Crude oil prices took a hit on Monday, with December WTI crude oil closing down -0.18 (-0.30%) and December RBOB gasoline closing down -0.0215 (-1.07%). The decline was attributed to investors adopting a risk-off stance amidst a drop in stocks and concerns about anticipated weak US economic reports scheduled for the week. Additionally, Russia’s key oil export port of Novorossiysk reportedly resumed some operations following Ukrainian attacks last Friday.
Despite the drop in prices, oil prices had some underlying support from ongoing geopolitical risks related to Russia. Last Friday, Iran seized an oil tanker in the Gulf of Oman, and there were reports of a US military buildup for a possible attack on Venezuela, a significant oil producer. Furthermore, reduced crude exports from Russia were also supportive of oil prices. Ukraine’s targeting of Russian refineries over the past few months has led to a fuel crunch in Russia and limited the country’s crude export capabilities.
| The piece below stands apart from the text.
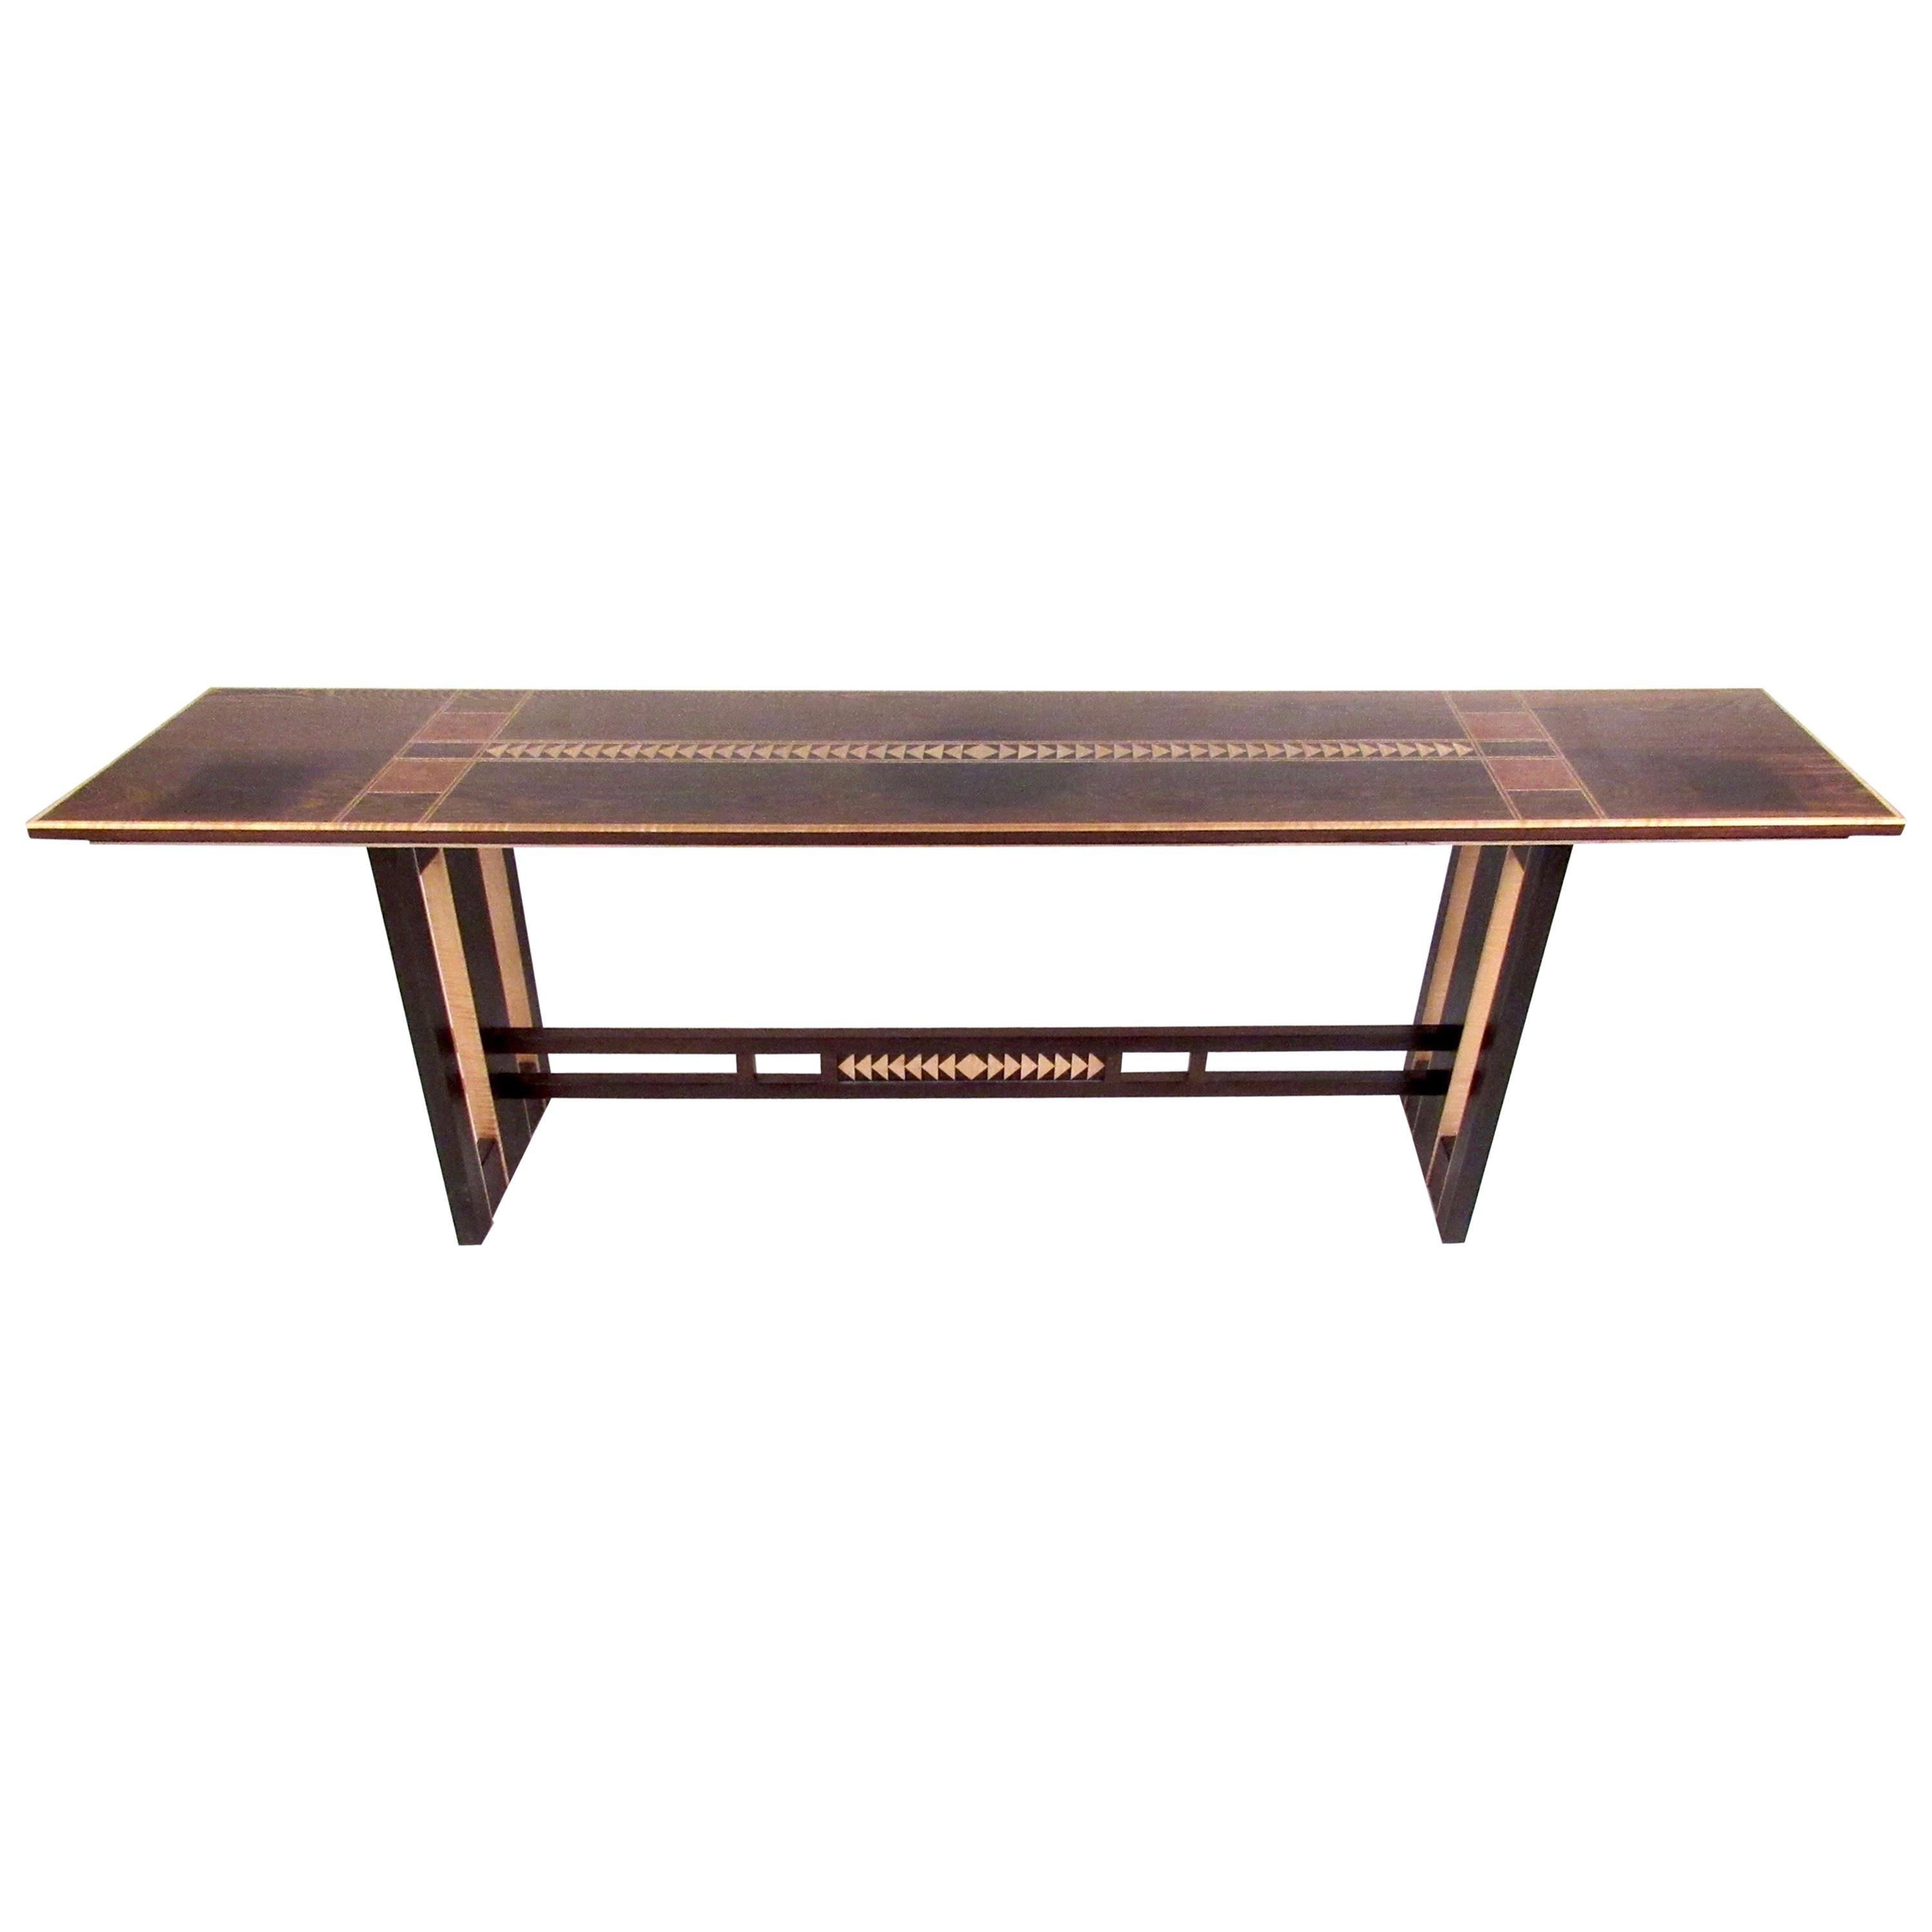 This stunning artist made console table features impressive Nakashima style trestle base and rich natural wood finish. The complimentary wood tones and detailed artistic inlays make this an impressive console or hall table for home or business.

On the other hand, OPEC revised its global oil market estimates from a deficit to a surplus in Q3, citing higher than expected US production and increased crude output from OPEC. The EIA also raised its 2025 US crude production estimate to 13.59 million bpd. OPEC+ announced a production increase of +137,000 bpd in December but plans to pause production hikes in Q1-2026 due to an emerging global oil surplus.
Vortexa reported an increase in crude oil stored on tankers that have been stationary for at least 7 days, reaching the highest level since June 2024. The latest EIA report showed US crude oil inventories below the seasonal 5-year average, with record high crude oil production. Baker Hughes reported a slight increase in the number of active US oil rigs, which is still above the 4-year low set earlier this year.
Overall, the oil market is facing a delicate balance between geopolitical tensions, production increases, and shifting global demand. It remains to be seen how these factors will play out in the coming weeks and months.